On October 26, the OpenSSL Project announced the discovery of a critical vulnerability, and that a new version (version 3.0.7) will be available on November 1, 2022.
This vulnerability only affects OpenSSL versions 3.0.0 through 3.0.6.
OpenSSL defines a critical flaw as one that “affects common configurations and which is also likely to be exploitable. Examples include significant disclosure of the contents of server memory (potentially revealing user details), vulnerabilities which can be easily exploited remotely to compromise server private keys or where remote code execution is considered likely in common situations.”

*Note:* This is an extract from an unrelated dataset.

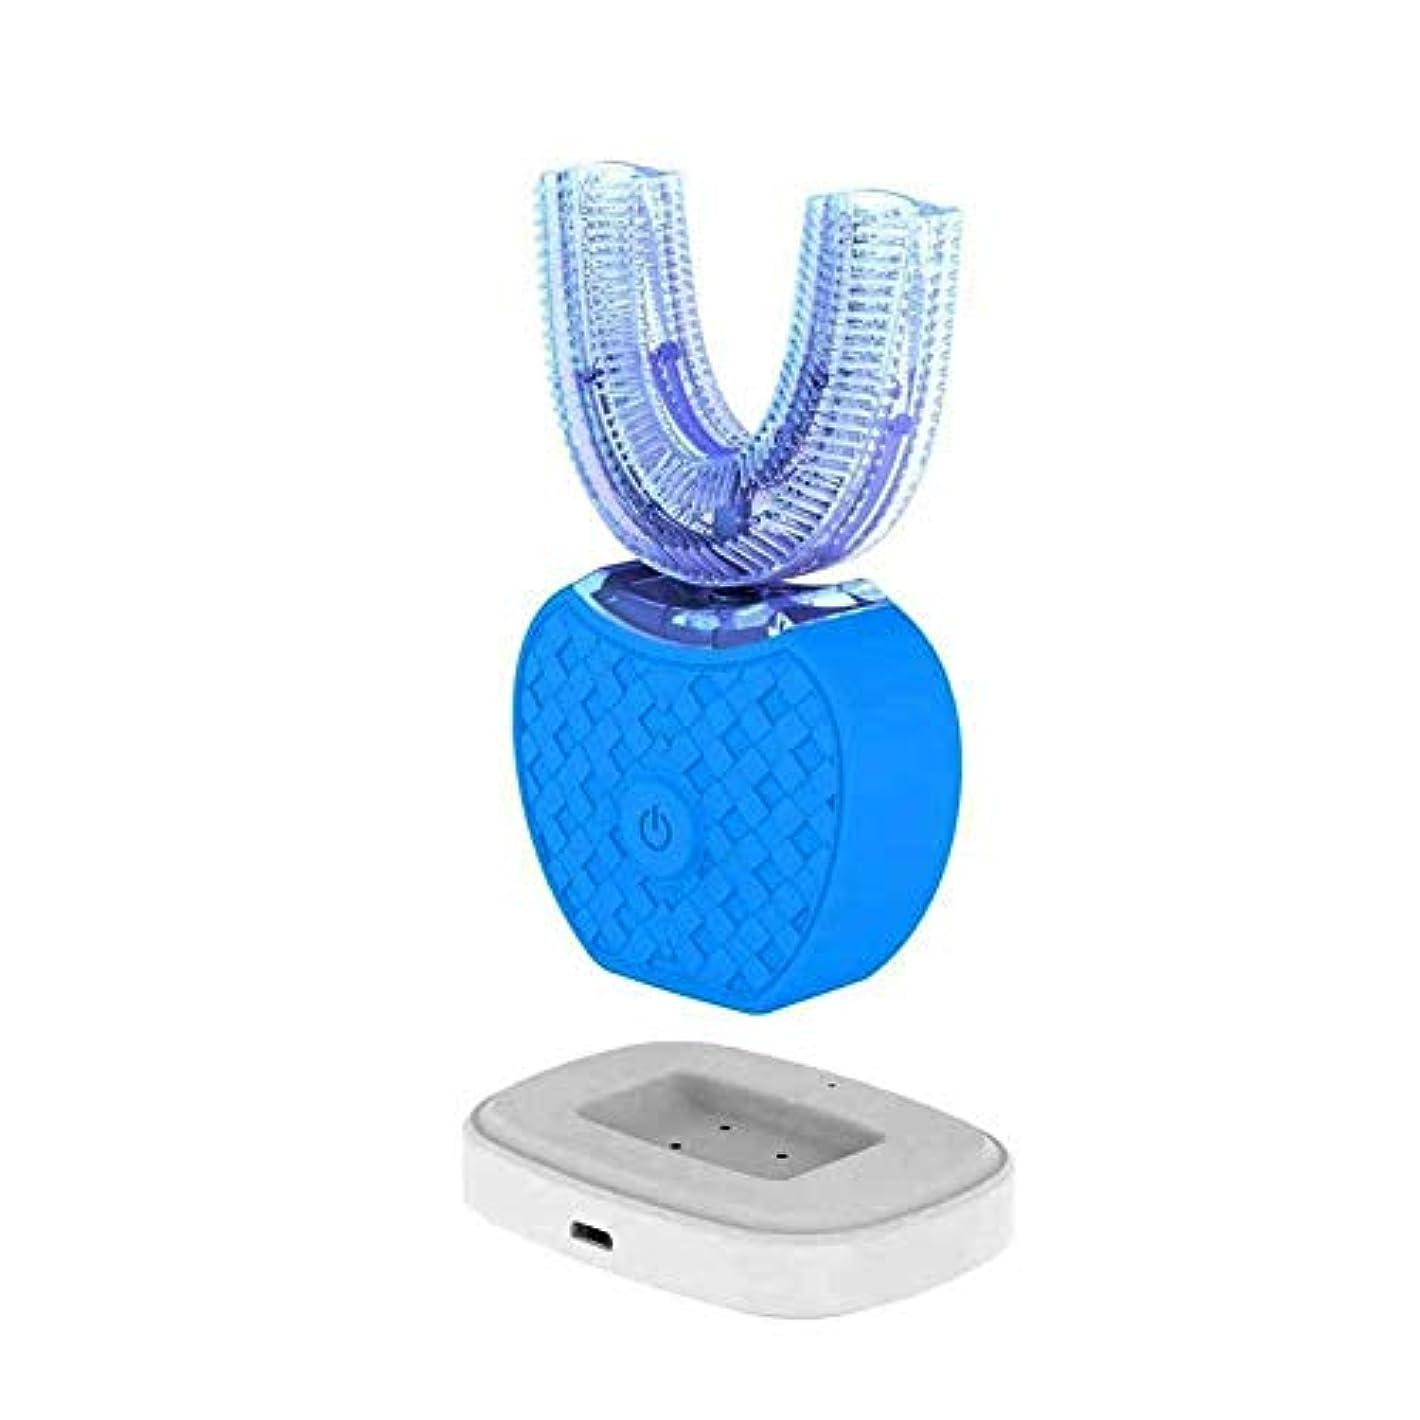 エンターテインメント交換可能すき新しい電動歯ブラシ、V-white超音波歯ブラシは全自動で360°全方位で洗浄して、歯をきれいにして、歯茎をマッサージして、美白します。 (ブルー) [並行輸入品]

Organizations should prepare now by identifying which systems use OpenSSL 3.0. Those who dealt with Heartbleed in 2014 should have a better idea of where OpenSSL is in use.
ThreatX is monitoring the situation. If there are payloads that can be delivered over HTTP, we will test our current rule sets and enhance where necessary.
We will include more details here when we have them.
November 1, 2022 update: OpenSSL has released version 3.0.7, which addresses two high-severity vulnerabilities. These vulnerabilities are high severity, not critical, as originally reported. However, Open SSL “still considers these issues to be serious vulnerabilities” and encourages affected users to upgrade to 3.0.7 as soon as possible.
As of now, OpenSSL has no evidence of these vulnerabilities being exploited in the wild.